Resenha: As Perguntas - Antônio Xerxenesky - Da imaginação à escrita Da imaginação à escrita: Resenha: As Perguntas - Antônio Xerxenesky

Resenha: As Perguntas - Antônio Xerxenesky

01/11/2017


Título: As Perguntas | Autor (a): Antônio Xerxenesky | Editora: Companhia das Letras | Páginas: 184 | Skoob.

Onde comprar: Amazon.

Avaliação: ★★
Sinopse: Alina enxerga sombras e vultos desde criança. Doutoranda em história das religiões, especializada em tradições ocultistas e aferrada à racionalidade que tudo ilumina, ela se acostumou a considerar as aparições como simples vestígios de sonhos interrompidos.
Certo dia, um telefonema da delegacia desarruma sua rotina de tédio programado. A polícia suspeita de que uma seita vem causando uma onda de surtos psicóticos em São Paulo. A única pista disponível é um símbolo geométrico desenhado por uma das vítimas. Intrigada e ansiosa para fugir da rotina, Alina decide investigar por conta própria um mistério que a fará questionar os limites entre razão e religião, cultura e crença.
Em 'As perguntas', Antonio Xerxenesky costura o tédio da vida cotidiana com o desconforto do horror em um livro repleto de referências ao universo dos filmes, da música e do ocultismo.

Cortesia em parceria com a editora.

Com uma sinopse intrigante As Perguntas de Antônio Xerxenesky, chamou a minha atenção por conta da proposta sombria e de ser um suspense nacional, este gênero é um dos meus favoritos e por isso mesmo a ansiedade e a expectativa eram grandes.

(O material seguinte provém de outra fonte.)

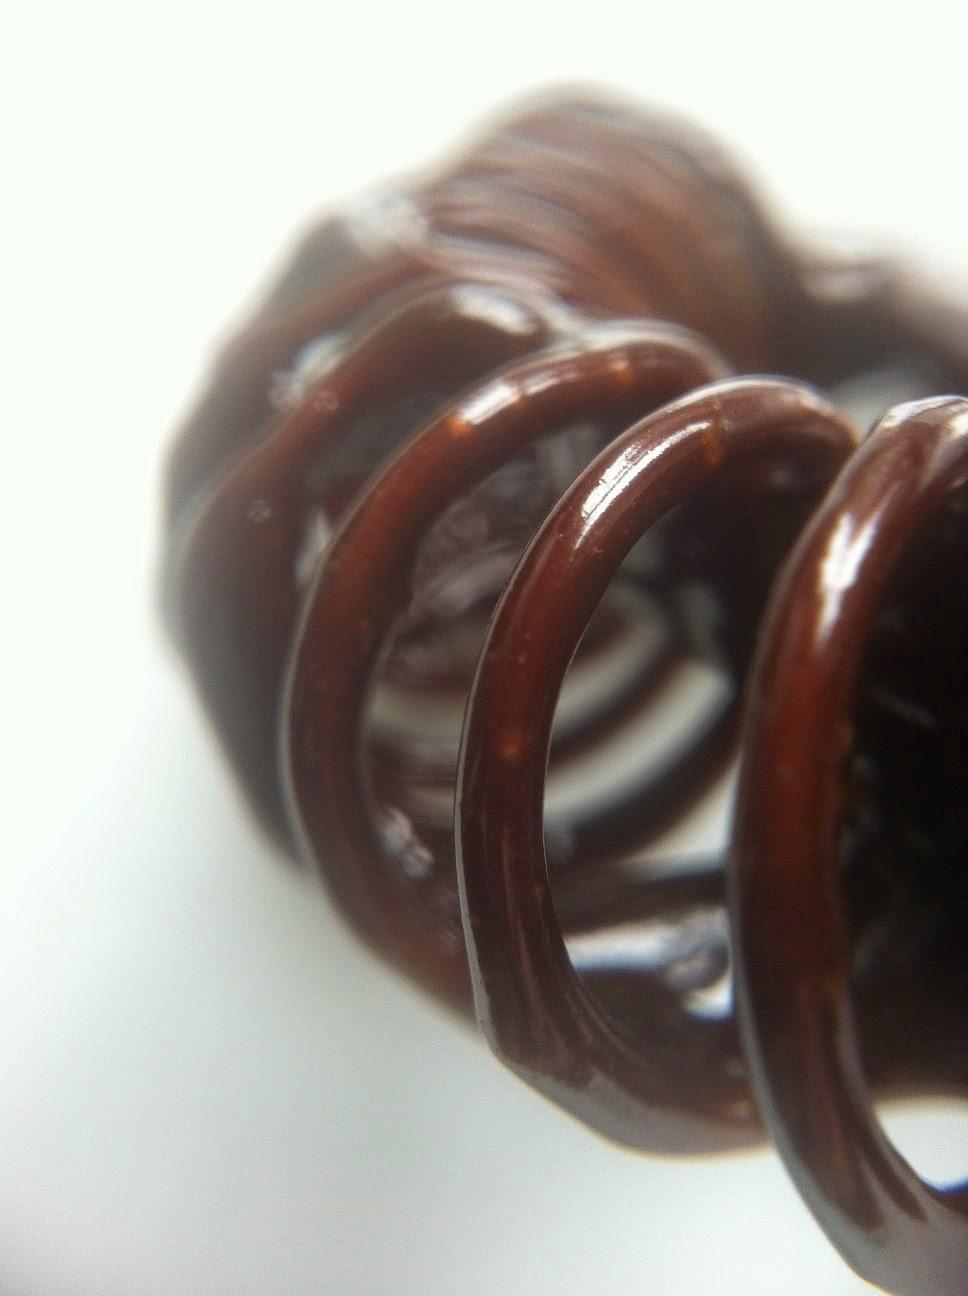 Makro Schokolade Backen

De início eu estava gostando bastante, a narrativa era bem envolvente e mesmo concluindo que não era um suspense em si mas um thriller psicológico continuei com a leitura, afinal também aprecio muito esse estilo literário e estava curiosa com as muitas questões a respeito da história de Alina, o motivo dela ver sombras e continuar cética, da razão para o surtos psicóticos e aonde entraria essa seita misteriosa que mudou a vida da protagonista.

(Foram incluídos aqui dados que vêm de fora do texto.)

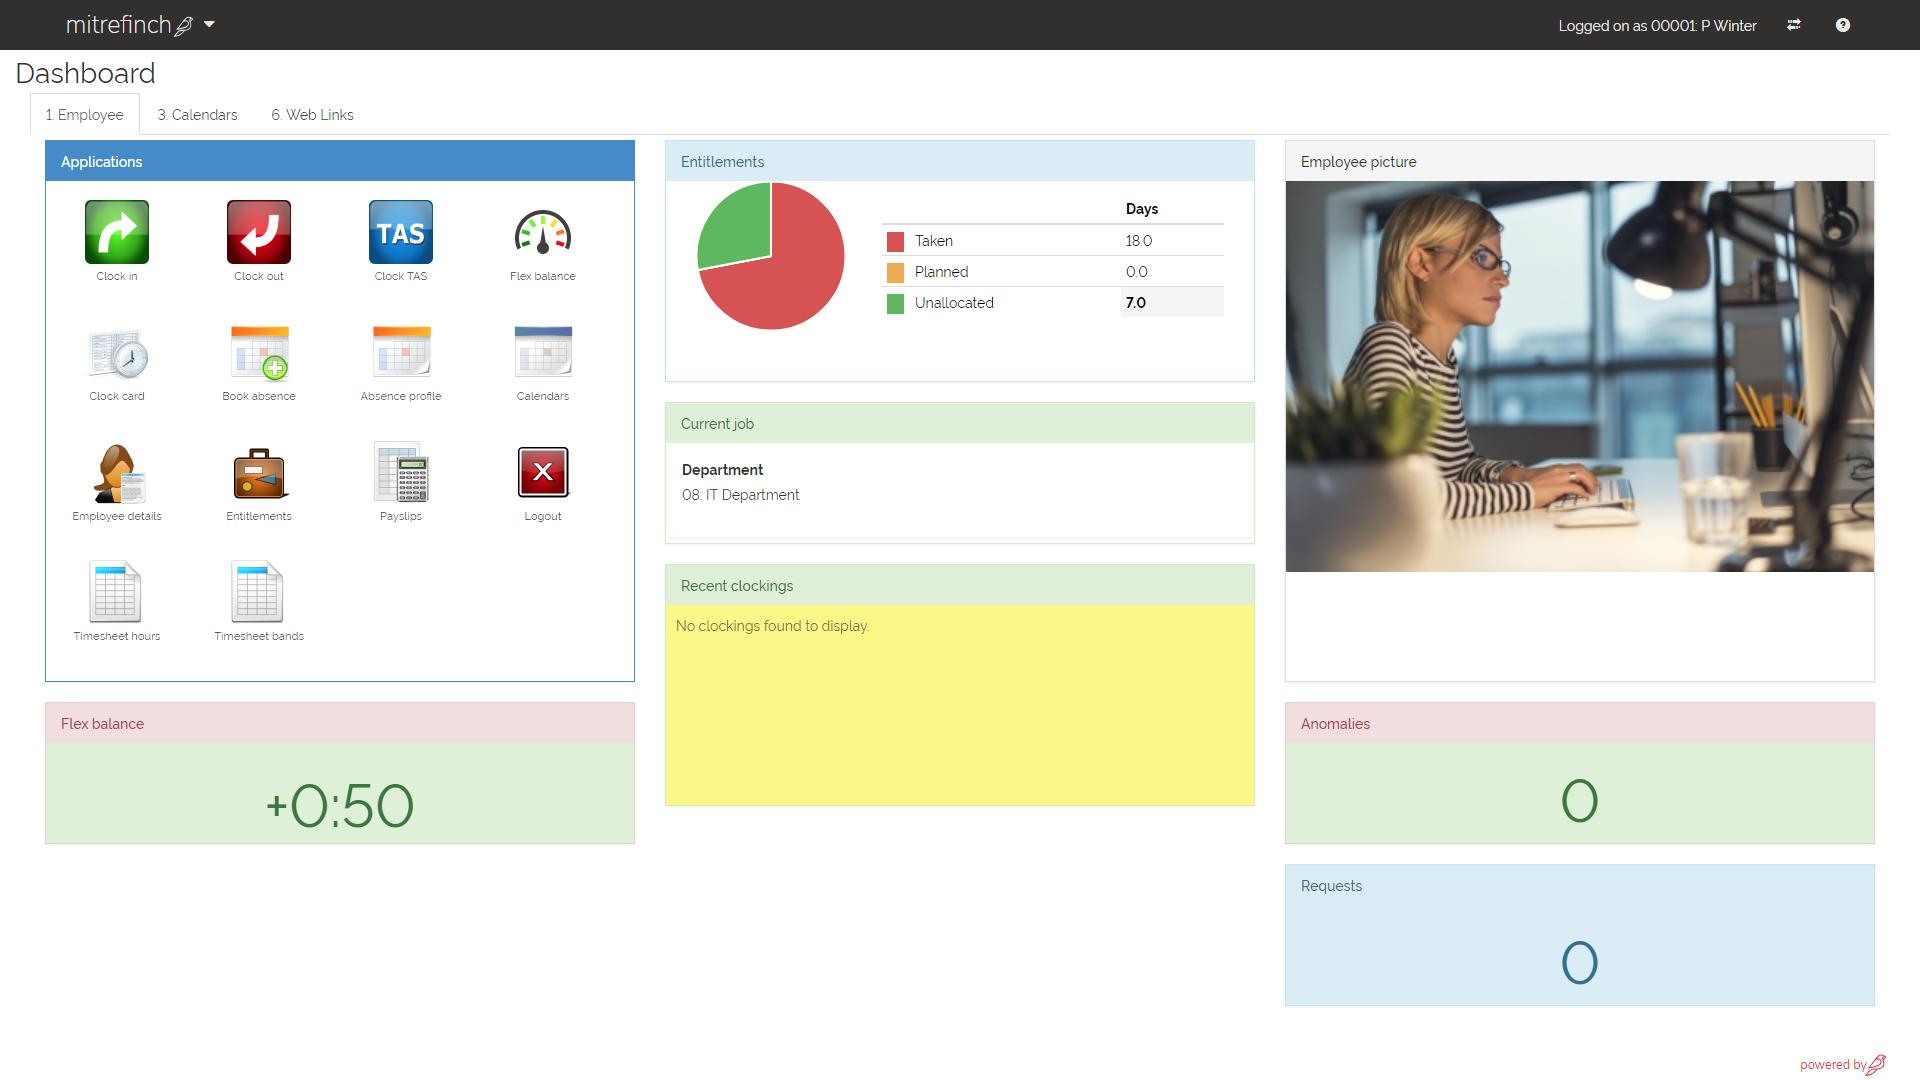 Mitrefinch Software - Employee dashboard

No entanto conforme a leitura ia avançando e mesmo com os traços sombrios e misteriosos que intrigam o leitor, notei que o enredo passou a ficar com inúmeros questões em aberto, quanto mais a narrativa prosseguir a mais e mais perguntas ficavam sem respostas e quando a narração passou pelo ponto de vista de Alina deixando de ser em terceira pessoa foi que acabou me desagradando. Até o momento eu estava gostando muito de Alina, simpatizava com ela e vi um pouco de mim mesma nela, mas quando a história passou a ser em primeira pessoa foi como se tivéssemos uma nova personagem e muito diferente, impulsiva, enfadonha e muito chata, demorei uns bons dias para concluir esta segunda parte da narrativa feita pela protagonista, diferente da anterior que devorei em poucas horas, ou seja, um livro que julguei que leia rápido acabou se tornando uma leitura cansativa e pouco atrativa, principalmente pela personalidade de Alina e também pela parca informação na história, seja pelas próprias questões deixadas, como pela simplicidade nas descrições, no pulo constante de um lugar a outro em poucos parágrafos, mas talvez o final tenha sido o ou mais frustrante de tudo. 

O desfecho ficou em aberto, deixando o leitor assim como Alina com inúmeros questionamentos, até me perguntei se era isso mesmo ou se não havia mas nada além daquelas páginas finais, mas temos apenas os agradecimentos e nada mais.... Talvez eu não tenha compreendido o real motivo de As Perguntas ou quem sabe esta seja a razão da história te deixar na dúvida e talvez por isso mesmo título? De toda forma mesmo que a obra não tenha me agradar totalmente creio que cada um deveria tirar suas próprias conclusões, afinal As Perguntas possui pontos interessantes como o mistério descrito acima e toda a carga emocional e sinistra, mas infelizmente não funcionou para mim. 

Sobre a edição gostei bastante da diagramação feita no livro, as páginas são amareladas e levemente mais grossas que a de outros livros, fonte confortável para leitura, é uma diagramação típica da editora mas bastante agradável ao olhar. Sem mais, As Perguntas foi um livro interessante mesmo que não tenha sido exatamente o quê eu aguardava, mas me rendeu uma boa aventura, quem diria que São Paulo teria seus mistérios tão ocultos e tenebrosos?